6. Work at an accounting firm. Accounting firms are a great place to learn a lot about a lot of different fields -- while also allowing you to put your math skills to good use.

7. Work for the government. Uncle Sam is usually hiring. Check out what kinds of jobs require math degrees and help your country while also helping your career.

8. Tutor math for a test-prep. organization. Math may come easy for you, but it doesn't for a lot of folks. Consider tutoring math for a test-prep. organization. You can work with high school, college, or even graduate students.

9. Work at a nonprofit that helps people get their finances in order. True, helping someone learn how to make a budget, pay off debt, and get their finances in better health doesn't require linear calculus skills. But it does require good math skills, patience, and a comfort level with numbers -- all of which you can model for your clients as they learn to improve their financial lives.

10. Work for a bank. Banks can be a neat place to work because there is often so much going on behind the scenes. From international banking companies to local credit unions, check out what banks near you are hiring.

11. Work for a financial planning firm. If you're interested in helping people plan for the future, in accounting, and in the markets, a financial planning firm might be a great fit for you -- and your skills.

12. Work for an investment firm. You don't necessarily need a business major to work at an investment firm. If you're interested in the markets, investing, planning for the future, and many of the other cool things financial planning firms do, these kinds of jobs might be worth a look.

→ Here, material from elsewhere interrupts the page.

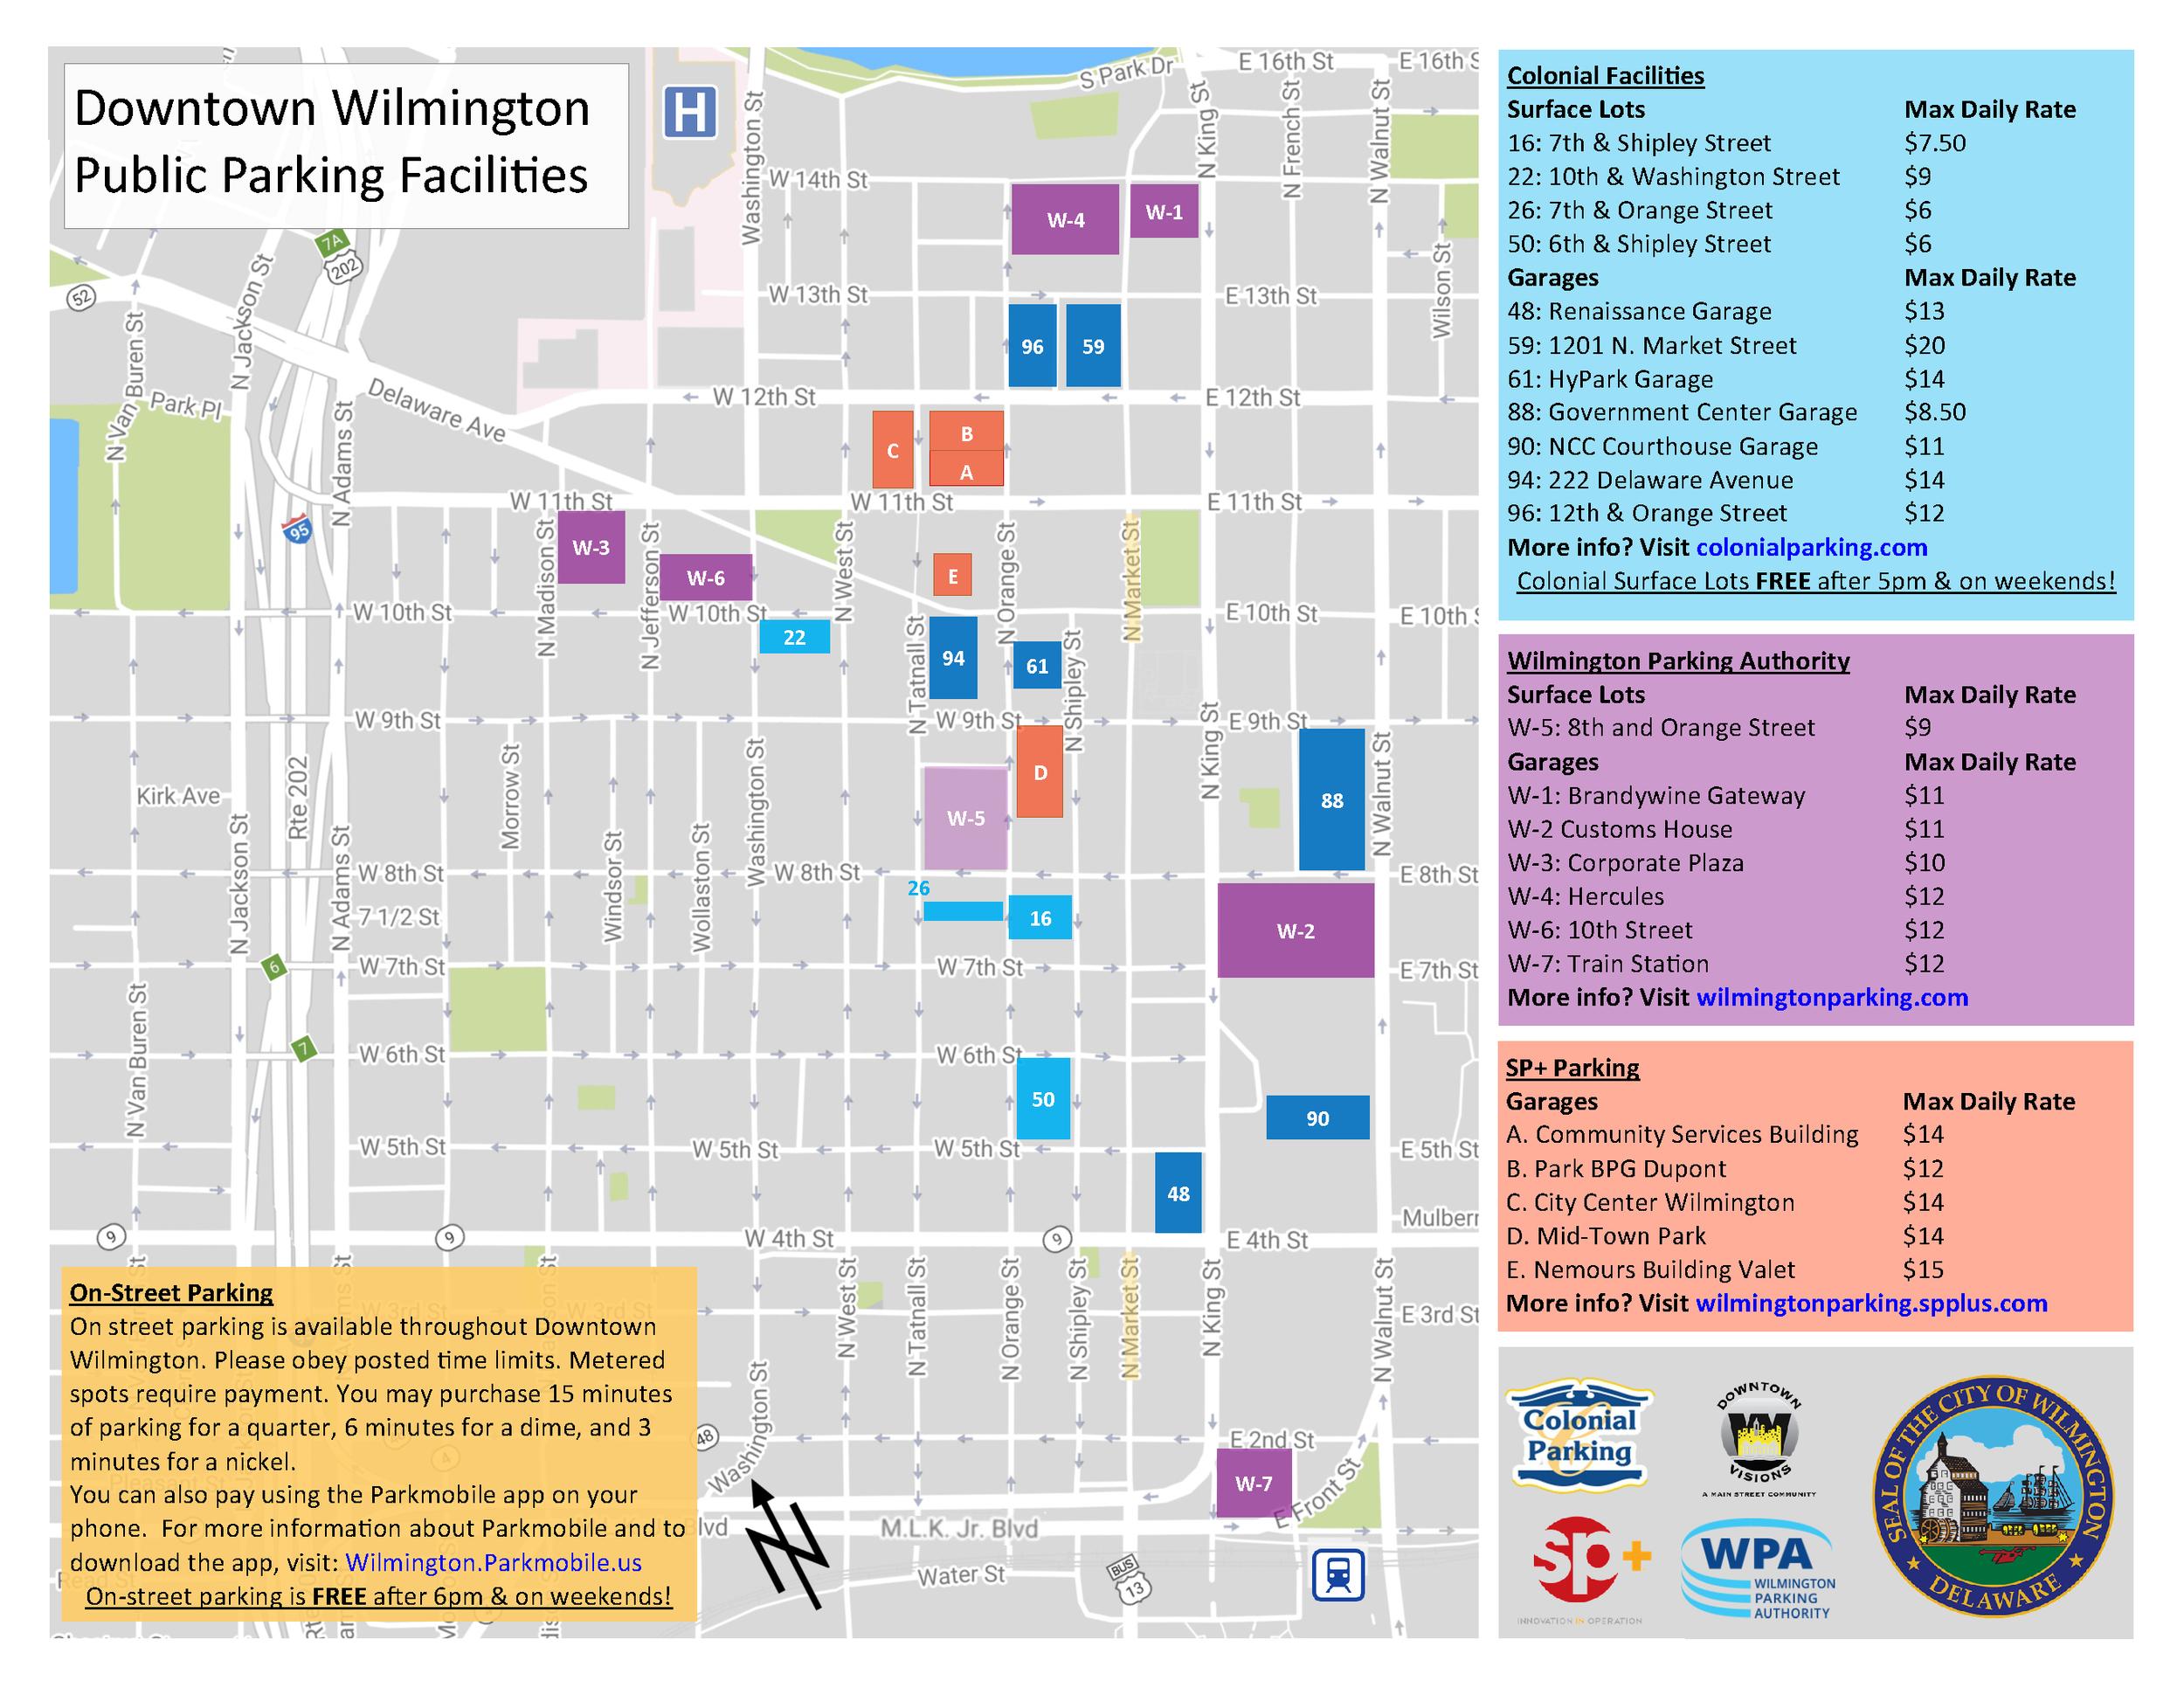 Downtown Parking v3 (1).png

13. Go into fundraising. If you've got great people skills, great math skills, and a desire to help others, fundraising could easily be a perfect gig. Find a cause you're interested in and see what you can do to help out.

14. Work as an actuary. With so much change going on in the insurance market, actuaries -- those folks who calculate rates for insurance coverage and who calculate risk -- are an interesting job at an interesting time.